Item 5.  Interest in Securities of the Issuer

         (a) The Reporting Person beneficially owns an aggregate of 2,582,705 
Shares (which number includes options to purchase 2,233,658 Shares), 
representing approximately 26.1% (assuming exercise of all 2,233,658 options) 
of the total number of Shares of the Company outstanding as of February 26, 
1999.

                                       5

<PAGE>

         (b) The Reporting Person has the sole power to vote or to direct the 
vote, and the sole power to dispose or direct the disposition, of all 
2,582,705 Shares beneficially owned by him.

         (c) On March 24, 1999, the Board of Directors of the Company 
approved the issuance to the Reporting Person of a warrant to purchase 
839,011 Shares at an exercise price of $4.25 per Share.
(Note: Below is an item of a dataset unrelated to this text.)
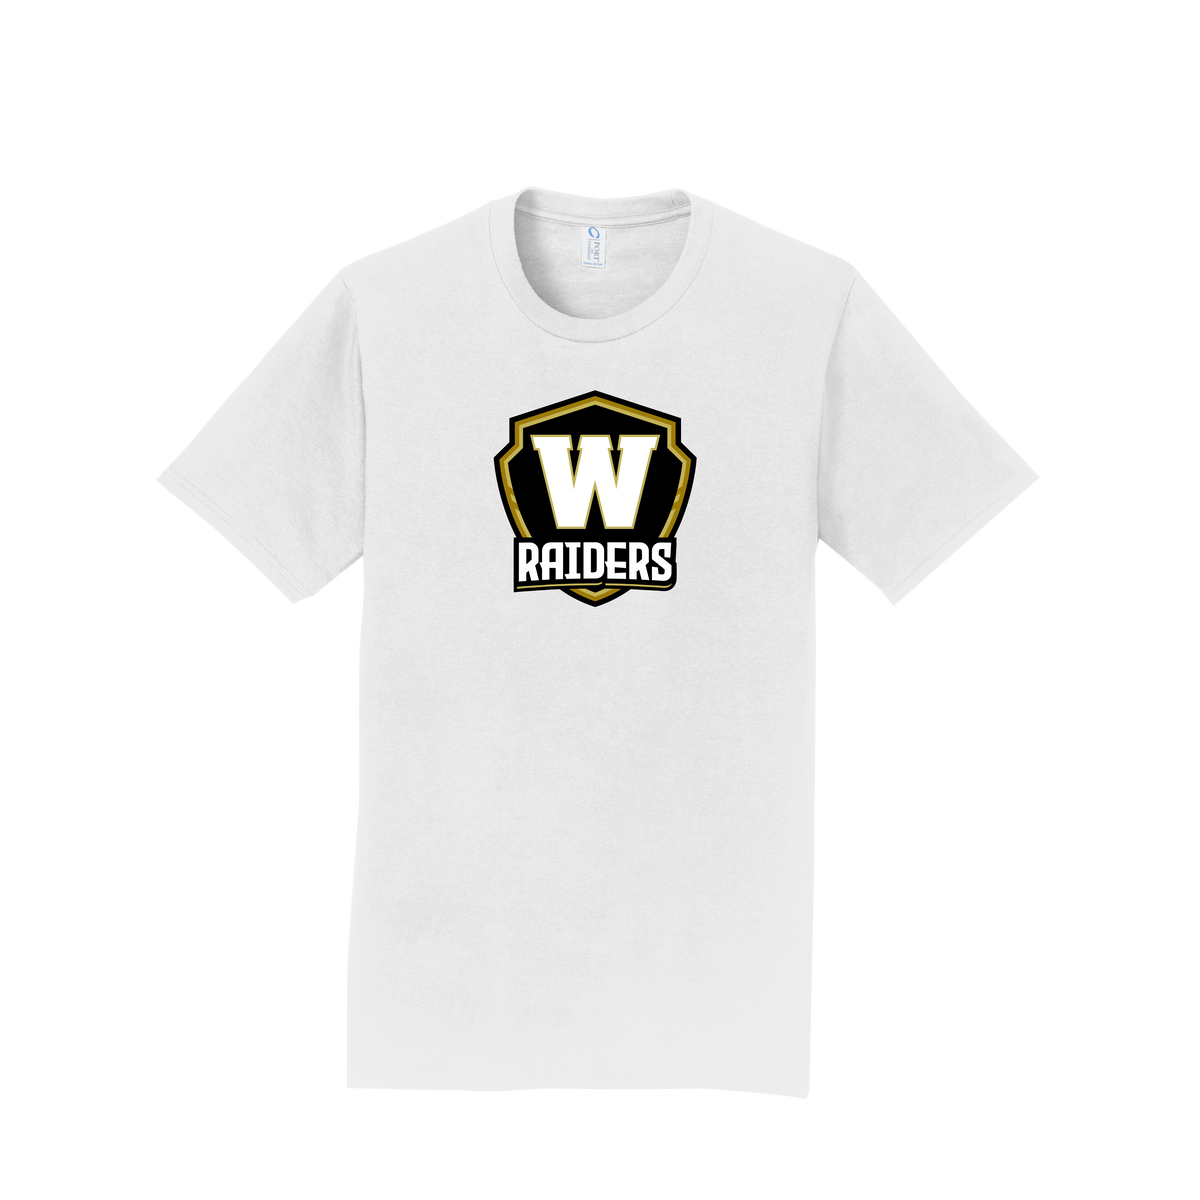 Warren City Schools | DTF | Unisex Short Sleeve T-Shirt White

The warrant is 
exercisable at any time on or before March 23, 2004. The warrant was issued 
to the Reporting Person in connection with certain loans made by the 
Reporting Person to the Company between June 1997 and February 1998.

         (d) No other person has the right to receive or the power to direct 
the receipt of dividends from, or the proceeds from the sale of, the Shares 
beneficially owned by the Reporting Person.

         (e)      Not applicable.

Item 6.  Contracts, Arrangements, Understandings or Relationships with 
Respect to Securities of the Issuer

         There are no contracts, arrangements, understandings or 
relationships (legal or otherwise) between the Reporting Person and any other 
person with respect to any of the Shares beneficially owned by the Reporting 
Person.

Item 7.  Material To Be Filed as Exhibits

         Not applicable.




                                       6

<PAGE>

                                    SIGNATURE

         After reasonable inquiry and to the best of my knowledge and belief, 
I certify that this statement is true, complete and correct.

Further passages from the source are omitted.